Speaker
Description
Soft X-rays are crucial to study the electronic structure and order of matter. Techniques such as ptychography, and resonant elastic and inelastic scattering in the soft X-ray domain benefit from the large area and the fast frame rate of hybrid pixel detectors (HPDs). State-of-the-art HPDs have become indispensable for scattering techniques with hard X-rays thanks to the large area, fast frame rate and large dynamic range/count rate capability. However, hybrid pixel detectors for hard X-ray detection show shortcomings in detecting soft X-rays due to the poor quantum efficiency (QE) and the low signal-to-noise ratio (SNR). The Detector Group from the Paul Scherrer Institut (PSI) has been working in collaboration with Fondazione Bruno Kessler (FBK) to optimize HPD sensors to increase both QE and SNR. In the framework of this collaboration, two technologies have been developed: the thin entrance window (TEW) and the inverse low-gain avalanche diode (iLGAD).

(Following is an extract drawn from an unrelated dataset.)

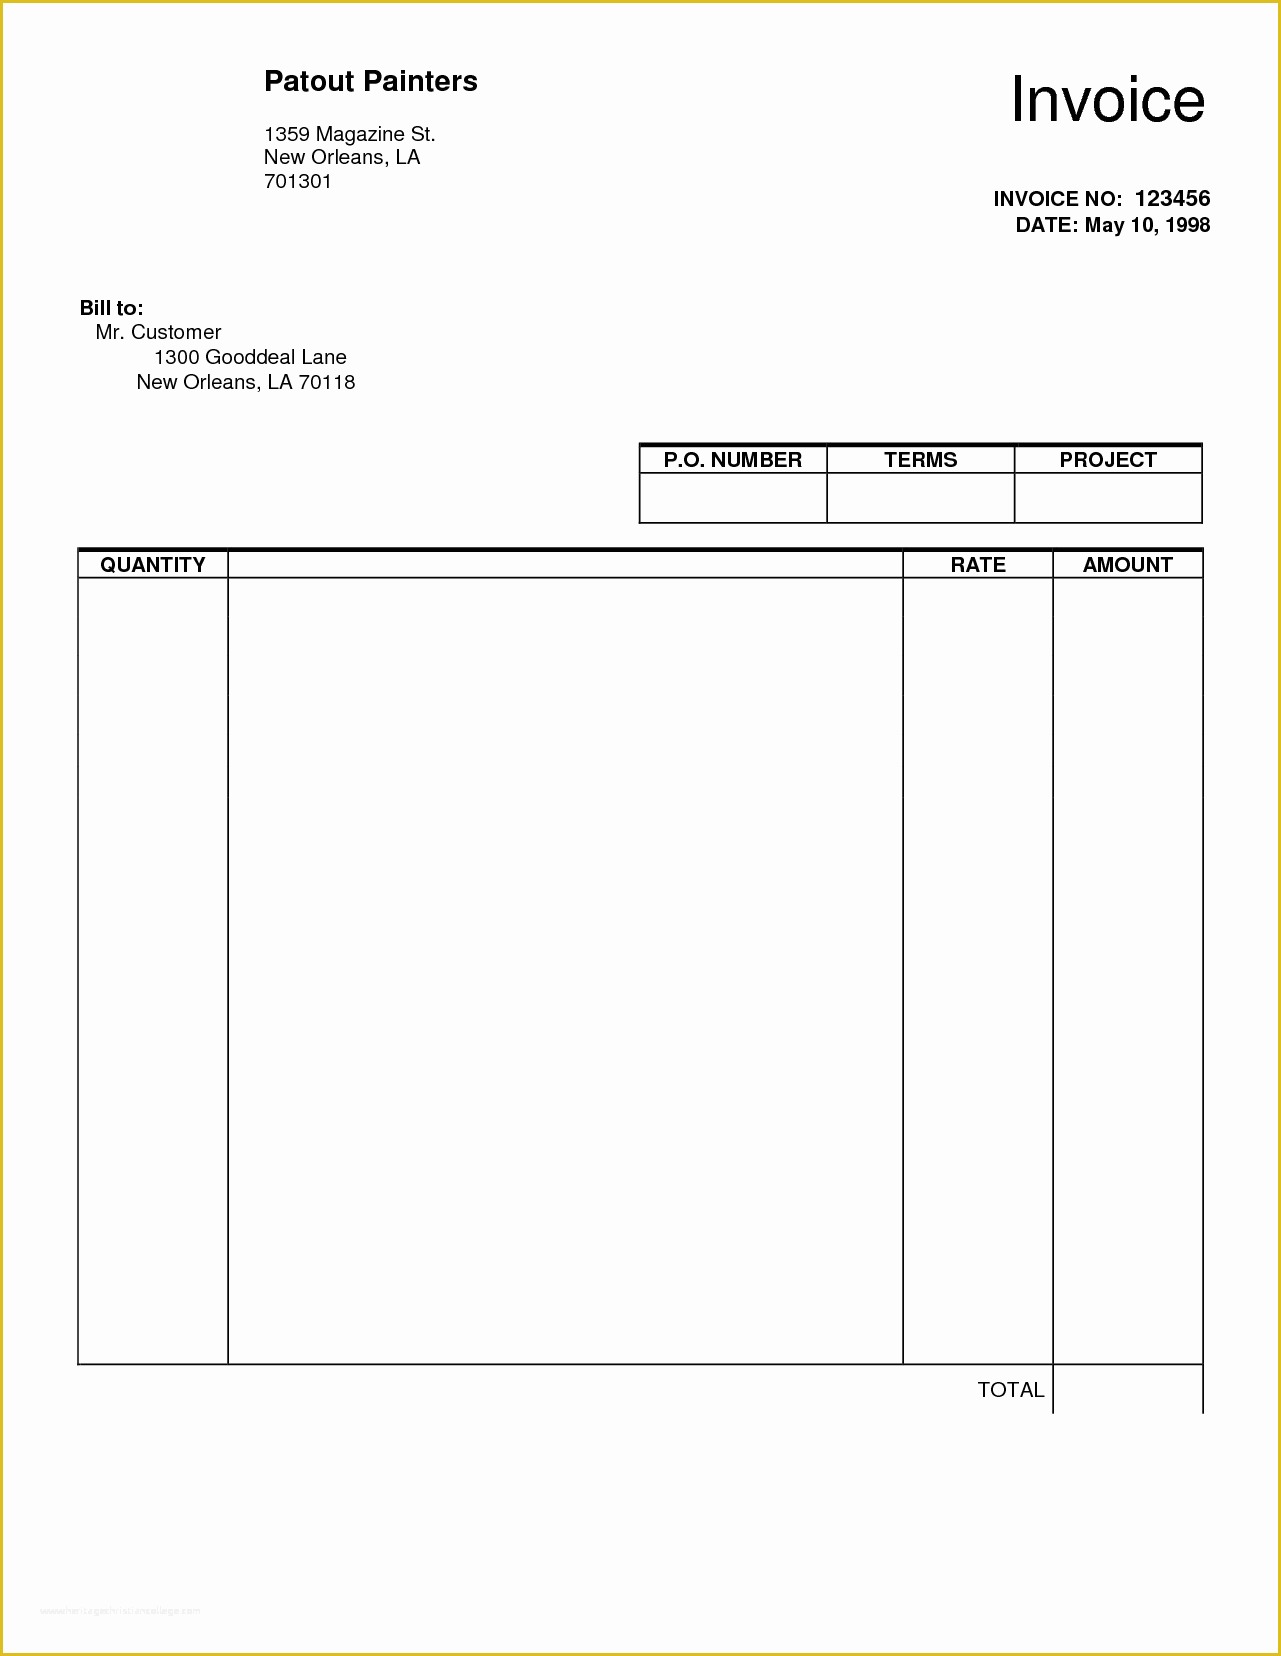 Fill In the Blank Invoice Template Free Of 8 Blank Invoice Template Pdf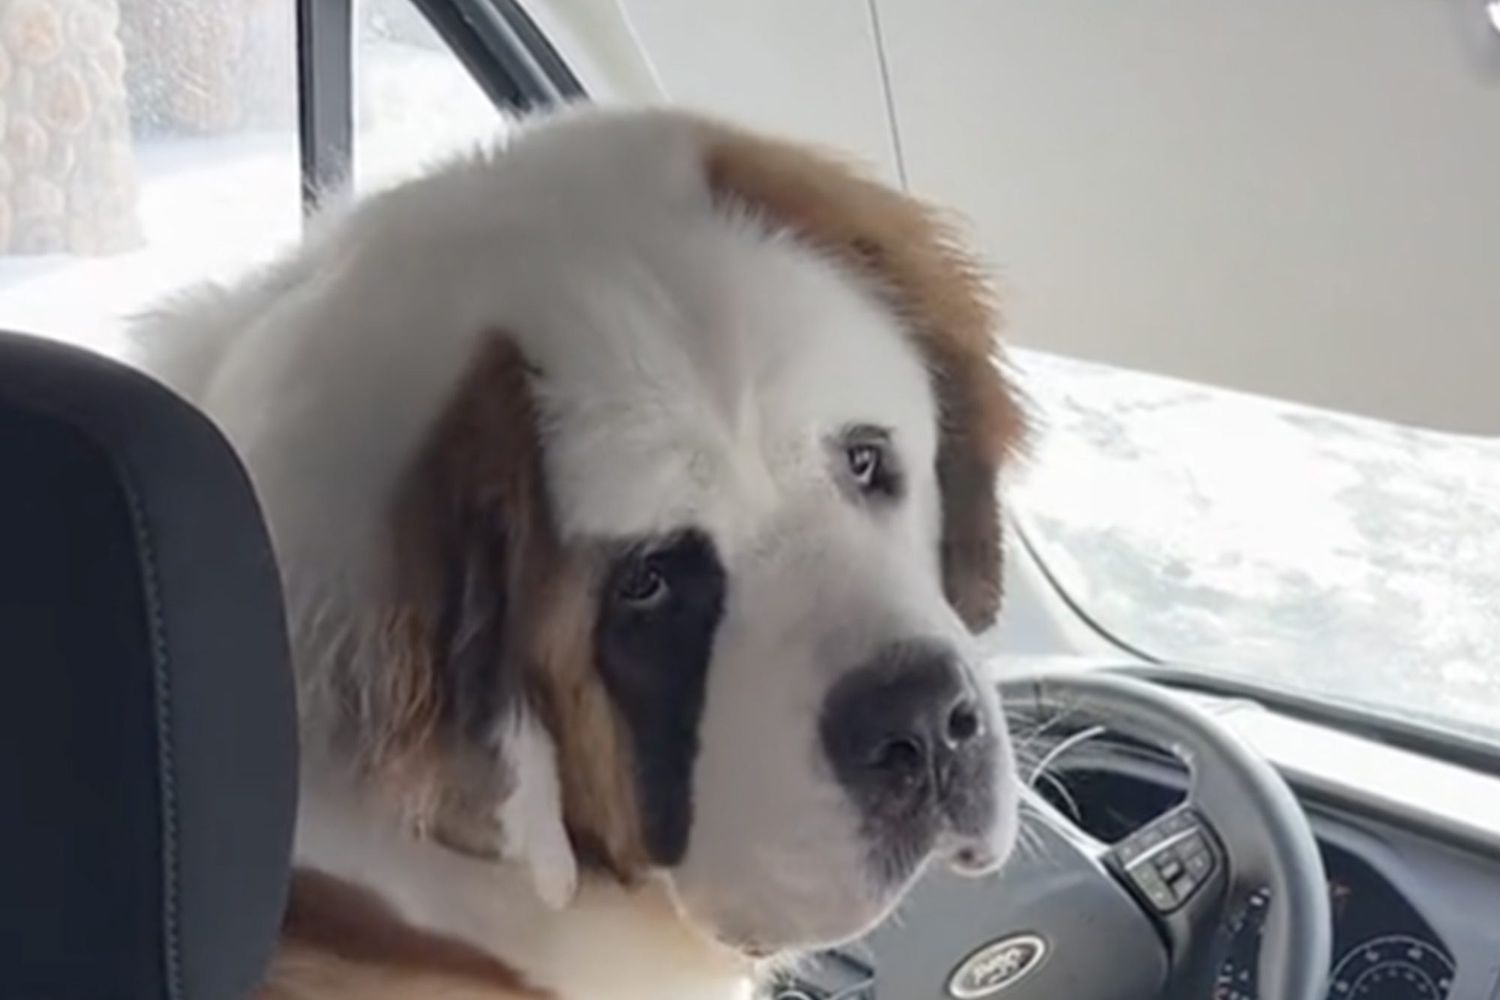 Watch This Large Dog's Bold, Adorable Attempt To Steal an Amazon Delivery Truck

I will present the sensor development strategy at PSI and the performance of detectors with TEW and iLGAD sensors using the charge integrating JUNGFRAU readout electronics for photon energies below 2 keV. The TEW technology permitted achieving QEs above 60-80% at 250 eV, comparable to or better than commercial CCD and CMOS imagers broadly used for soft X-rays. The iLGAD technology achieved single photon resolution for photon energies down to 400 eV. Thanks to these two technologies the operation of PSI HPDs has been extended to the soft X-ray energy range. Based on these results, I will also discuss further QE improvement targeting values above 80%, of particular interest for experiments such as small grazing angles like resonant inelastic X-ray scattering (RIXS) and for the detection of low-energy electrons (as an extended application of HPD), and future iLGAD developments to extend the minimum photon energies down to the carbon edge (~284 eV).